I went with my fellow idiot football friends with the money I’d saved mowing summer lawns. We decided that we’d pull for the heels (except the anti-American ones – even we had limits), as it was hilarious to do and inciting to the crowd around us. I won’t say that all wrestling fans are marks, but back in the late 80’s and early 90’s it wasn’t particularly clear to a portion of them that it was all fake. I’m not talking about the kids either. We all wore Mr. Perfect t-shirts and got into repeated dust ups with the adults around us who were wearing Hulk Hogan gear. Security would break up all of our fracases – no one got kicked out, different times – but I distinctly remember a 40 year old man in glasses passionately trying to reason with my crew of high school sophomores that we should support the Hulkster and the forces of good as Mr. Perfect represented narcissistic evil. We sneered at him and predicted that Hulk would probably die in a Perfect-Plex and that we would cheer his last breath. He was visibly shaken by our heelery and wept for our lost generation.

That title match was preceded by the ultimate tag team force of nature: The Road Warriors, who went through their opponents like pit bulls through a field of squeaky toys. The juice we got from hearing the Black Sabbath intro and the subsequent emergence of two mutant steroid-addled life forms who proceeded to feed their opponents the turnbuckle and several collapsing tables in incredibly violent fashion is hard to communicate. We also saw Jimmy “Superfly” Snuka, who dispatched his opponent with a top rope coup de grace that saw him suspended in the air for what seemed an eternity.

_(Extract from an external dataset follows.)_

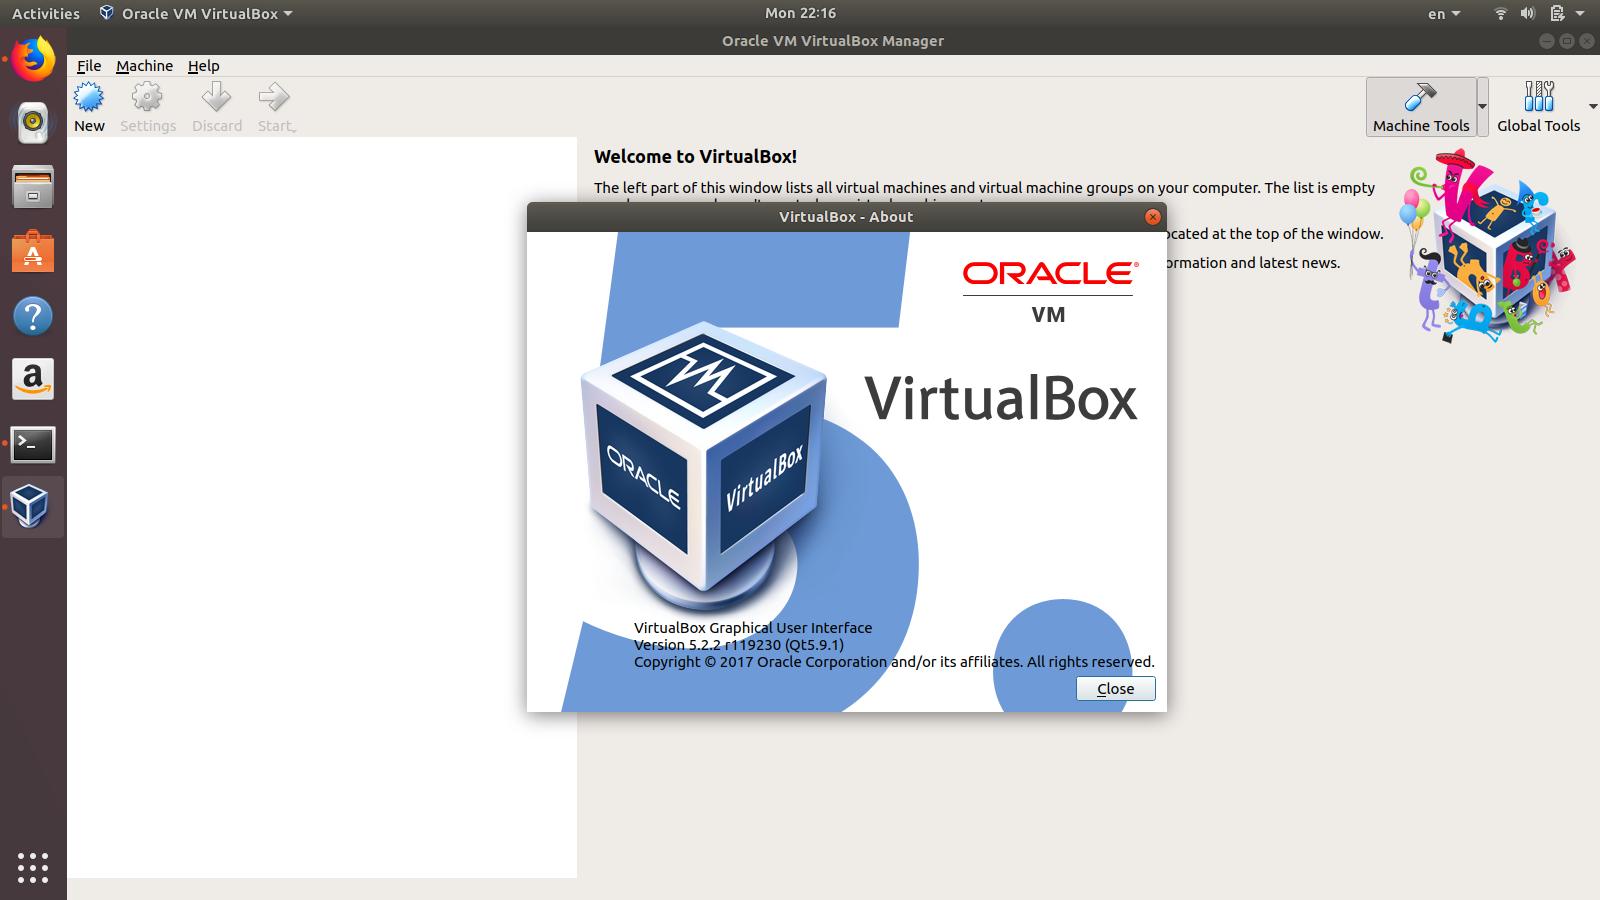 How to install program on Ubuntu: How to install Virtualbox

Then the main event. Predictably, Mr. Perfect beat Hulk Hogan’s *** for several minutes until Hulk channeled the energy of the crowd and children everywhere taking their vitamins and saying their prayers to reverse the unbeatable Perfect-Plex (no one can reverse the Perfect-Plex! How did he do it?!) and Hulk rose from the canvas like a sweaty, hound dog’s red rocket despite Mr. Perfect’s now useless blows and utter disbelief at what he was witnessing. How? How, I ask you? Atomic Leg Drops ensued and Mr. Perfect was vanquished. As the Hulkster staggered around with his hands on his head in disbelief at what he’d overcome, we were rained in plastic cups, partially eaten corn dogs, and sodas for supporting Mr. Perfect. The waterfalls of soft drinks tasted like sweet nectar and we wore the plastic cups and mustard like they were our laurels. We walked out with our heads held high, heel role fulfilled.

The Erwin Center faces its own final count as a venue soon and I hope the memories were as sweet for all of you.